» Exercise brief
Please write back every entry exactly, character for character.

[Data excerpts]
━━━━━━━━━━━━━━━━
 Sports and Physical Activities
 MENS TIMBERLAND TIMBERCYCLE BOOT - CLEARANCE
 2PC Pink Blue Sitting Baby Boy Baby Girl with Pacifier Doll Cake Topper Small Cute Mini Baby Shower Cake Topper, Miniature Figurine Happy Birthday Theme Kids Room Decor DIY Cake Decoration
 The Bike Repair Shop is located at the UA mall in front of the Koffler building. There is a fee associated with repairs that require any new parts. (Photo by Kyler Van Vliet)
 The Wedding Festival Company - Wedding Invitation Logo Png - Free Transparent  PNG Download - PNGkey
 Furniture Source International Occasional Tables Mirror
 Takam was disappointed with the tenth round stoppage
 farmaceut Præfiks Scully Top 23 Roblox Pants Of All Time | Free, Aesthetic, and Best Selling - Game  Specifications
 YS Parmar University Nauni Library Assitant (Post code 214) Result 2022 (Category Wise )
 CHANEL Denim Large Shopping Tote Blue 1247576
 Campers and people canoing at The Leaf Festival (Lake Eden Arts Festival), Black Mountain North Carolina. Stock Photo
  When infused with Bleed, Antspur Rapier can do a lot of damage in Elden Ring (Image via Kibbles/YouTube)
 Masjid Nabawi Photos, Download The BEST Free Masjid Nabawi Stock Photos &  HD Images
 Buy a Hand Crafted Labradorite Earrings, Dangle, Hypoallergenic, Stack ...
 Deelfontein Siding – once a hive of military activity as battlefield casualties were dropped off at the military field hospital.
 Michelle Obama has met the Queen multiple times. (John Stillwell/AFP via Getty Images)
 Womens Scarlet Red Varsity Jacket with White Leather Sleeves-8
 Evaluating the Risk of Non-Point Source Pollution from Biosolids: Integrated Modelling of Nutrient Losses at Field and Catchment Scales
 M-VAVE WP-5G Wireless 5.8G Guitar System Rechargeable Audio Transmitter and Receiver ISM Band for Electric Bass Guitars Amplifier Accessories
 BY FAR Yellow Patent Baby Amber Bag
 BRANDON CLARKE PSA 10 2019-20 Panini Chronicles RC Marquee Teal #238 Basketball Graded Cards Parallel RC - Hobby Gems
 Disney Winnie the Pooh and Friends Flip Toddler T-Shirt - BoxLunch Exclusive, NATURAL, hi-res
━━━━━━━━━━━━━━━━
» Answer
 Sports and Physical Activities
 MENS TIMBERLAND TIMBERCYCLE BOOT - CLEARANCE
 2PC Pink Blue Sitting Baby Boy Baby Girl with Pacifier Doll Cake Topper Small Cute Mini Baby Shower Cake Topper, Miniature Figurine Happy Birthday Theme Kids Room Decor DIY Cake Decoration
 The Bike Repair Shop is located at the UA mall in front of the Koffler building. There is a fee associated with repairs that require any new parts. (Photo by Kyler Van Vliet)
 The Wedding Festival Company - Wedding Invitation Logo Png - Free Transparent  PNG Download - PNGkey
 Furniture Source International Occasional Tables Mirror
 Takam was disappointed with the tenth round stoppage
 farmaceut Præfiks Scully Top 23 Roblox Pants Of All Time | Free, Aesthetic, and Best Selling - Game  Specifications
 YS Parmar University Nauni Library Assitant (Post code 214) Result 2022 (Category Wise )
 CHANEL Denim Large Shopping Tote Blue 1247576
 Campers and people canoing at The Leaf Festival (Lake Eden Arts Festival), Black Mountain North Carolina. Stock Photo
  When infused with Bleed, Antspur Rapier can do a lot of damage in Elden Ring (Image via Kibbles/YouTube)
 Masjid Nabawi Photos, Download The BEST Free Masjid Nabawi Stock Photos &  HD Images
 Buy a Hand Crafted Labradorite Earrings, Dangle, Hypoallergenic, Stack ...
 Deelfontein Siding – once a hive of military activity as battlefield casualties were dropped off at the military field hospital.
 Michelle Obama has met the Queen multiple times. (John Stillwell/AFP via Getty Images)
 Womens Scarlet Red Varsity Jacket with White Leather Sleeves-8
 Evaluating the Risk of Non-Point Source Pollution from Biosolids: Integrated Modelling of Nutrient Losses at Field and Catchment Scales
 M-VAVE WP-5G Wireless 5.8G Guitar System Rechargeable Audio Transmitter and Receiver ISM Band for Electric Bass Guitars Amplifier Accessories
 BY FAR Yellow Patent Baby Amber Bag
 BRANDON CLARKE PSA 10 2019-20 Panini Chronicles RC Marquee Teal #238 Basketball Graded Cards Parallel RC - Hobby Gems
 Disney Winnie the Pooh and Friends Flip Toddler T-Shirt - BoxLunch Exclusive, NATURAL, hi-res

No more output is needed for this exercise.